Here is how to filter out Archs and Euks and make a bar plot:

qiime taxa filter-table \
  --i-table table.qza \
  --i-taxonomy taxonomy.qza \
  --p-exclude "d__Archaea,d__Eukaryota " \
  --o-filtered-table table_filtered.qza

qiime taxa barplot \
  --i-table table_filtered.qza \
  --i-taxonomy taxonomy.qza \
  --o-visualization VIEWABLE_table_filtered_barplots.qzv

That uses existing table.qza and taxonomy.qza files you mentioned in your post. It's as direct as possible.

Unless you want to run classify-sklearn another time to compare databases?

Thank you so much for all your help, I was finally able to make the bar plots! I simply wanted to filter out euks and archaea and in a tutorial that was made in my lab it had us make new filtered table, taxonomy and rep-seqs files then use that for all downstream analysis. I copied the code below. To my understanding, the way you did it uses the filtered table and the original taxonomy instead of the filtered taxonomy, why is that? I am a little confused why that works.

qiime taxa filter-seqs \
  --i-sequences rep-seqs.qza \
  --i-taxonomy taxonomy.qza \
  --p-exclude "d__Archaea,d__Eukaryota " \
  --p-include p__ \
  --o-filtered-sequences filt-rep-seqs.qza
  
  qiime feature-classifier classify-sklearn \
  --i-classifier /path/silva-138.2-F04-R22-classifier.qza\
  --i-reads filt-rep-seqs.qza \
  --o-classification filt-taxonomy.qza

                                               # use the absolute pathname of the trained database and assigns taxonomy to ASVs, silva better for microorganisms

qiime metadata tabulate \
  --m-input-file filt-taxonomy.qza \
  --o-visualization VIEWABLE_filt-taxonomy.qzv   
  
     # makes viewable taxonomy file


qiime taxa filter-table \
  --i-table table.qza \
  --i-taxonomy taxonomy.qza \
  --p-exclude "d__Archaea,d__Eukaryota " \
  --o-filtered-table table_filtered.qza

qiime taxa barplot \
  --i-table table_filtered.qza \
  --i-taxonomy taxonomy.qza \
  --o-visualization VIEWABLE_table_filtered_barplots.qzv

This is my full code, is making a filt-taxonomy file redundant?

Hi @mainly.microbe,
Good question. It basically comes down to trying to simplify data management for users.
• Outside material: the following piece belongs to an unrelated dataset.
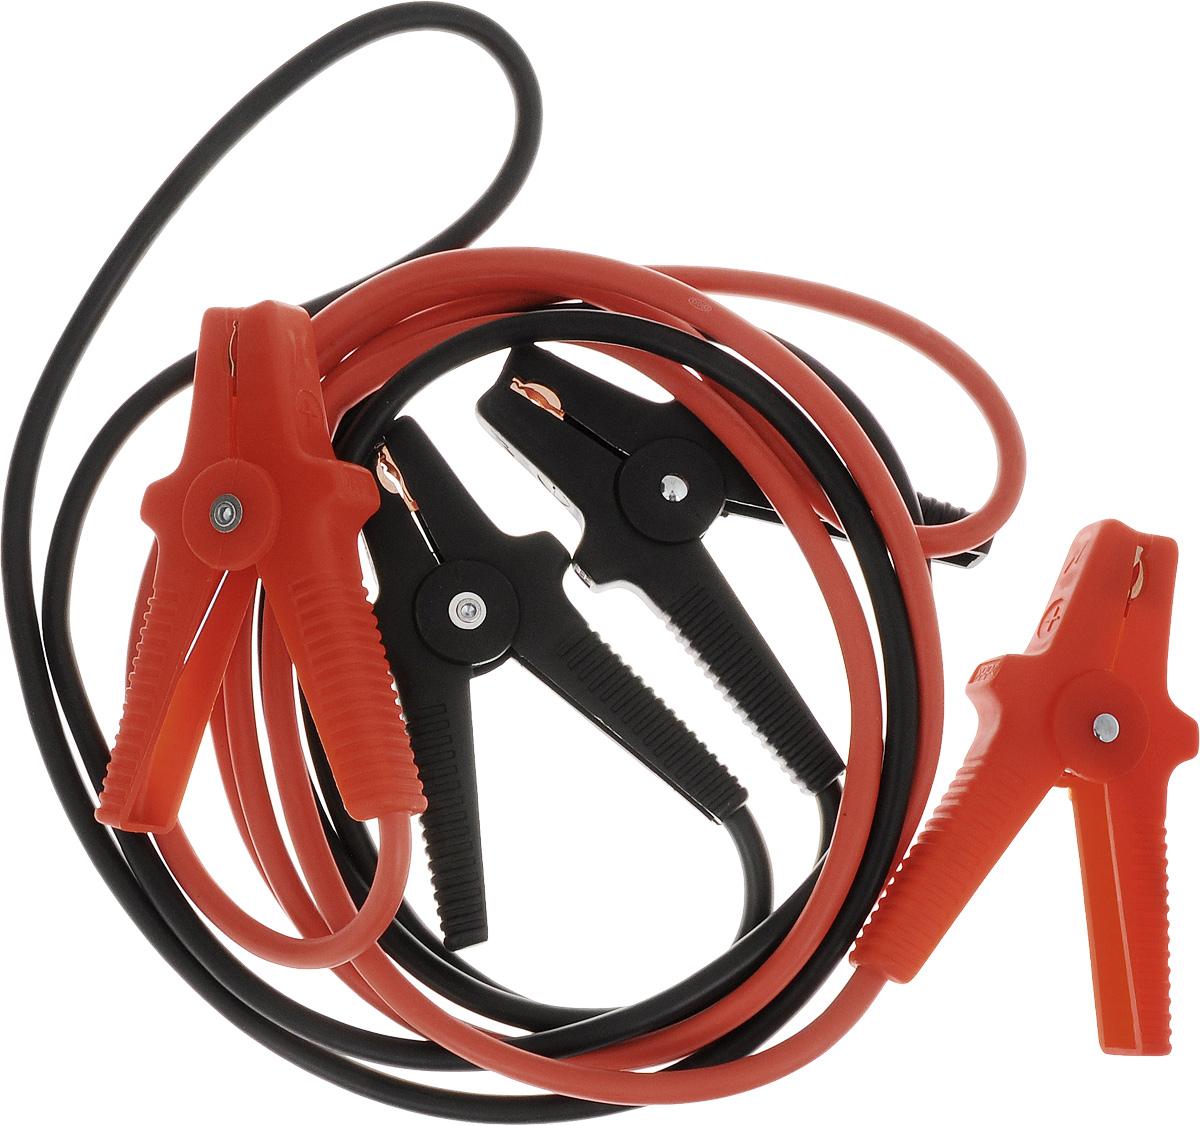 Старт-кабель Alca, CCA 400 А, длина 3 м404410Старт-кабель Alca выполнены из алюминия с медным покрытием. Зажимы полностью изолированы. Руководство по эксплуатации: Присоединение.Кабель с красными зажимами присоединить к плюсовой клемме разряженного аккумулятора, затем присоединить к плюсовой клемме аккумулятора, от которого производится пуск. Кабель с черными зажимами подключить к минусовой клемме аккумулятора, от которой производится пуск и к массе автомобиля с разряженной батареей, например к кабелю массы либо к не изолированной точке моторного блока, причем на максимальном удалении от аккумулятора, которым производится пуск для избежания возможного возгорания образующегося разрядного газа.Пуск.После присоединения проводов стартер-кабеля запустить двигатель автомобиля, от которого производится пуск, и установить средние обороты. Запустить двигатель автомобиля с разряженным аккумулятором. После каждой попытки запуска двигателя, длительность которого не должна превышать 15 секунд, необходима пауза около 1 минуты. После успешного запуска двигателя продолжить 2-3 минуты до устойчивой работы.Отсоединение:Отсоединение производиться в обратном от присоединения порядке. Сначала отсоединяется черный зажим от кабеля массы либо моторного блока автомобиля с разряженным аккумулятором. Затем отключить оба красных зажимав произвольном порядке. При отсоединении проводов стартер-кабеля обращать внимание на исключение контакта стартер-кабеля с возвращающимся частями двигателя.Выдерживает температуру от +150°С до -50°С.В комплект входит сумка.

We tend to think of the information in these other artifacts (FeatureData[Taxonomy], FeatureData[Sequence], Phylogeny) as annotations of the features in a feature table - similar to how we think of sample metadata. Since feature tables tend to get filtered in various ways (on both the sample and feature axes), allowing the ids represented in these other artifacts to be a superset of the ones represented in the feature table prevents the need for lots of filtered versions of the other artifacts. For example, you might have two or three different feature tables that you're working with, but if they all use the same FeatureData[Taxonomy] artifact, that's easier to keep track of and the extra annotations in the FeatureData[Taxonomy] just get ignored. Same goes with sample metadata: there can be extra sample ids in there with respect to a feature table, but all sample ids represented in feature table must be present in the metadata.

2 Likes

This topic was automatically closed 31 days after the last reply. New replies are no longer allowed.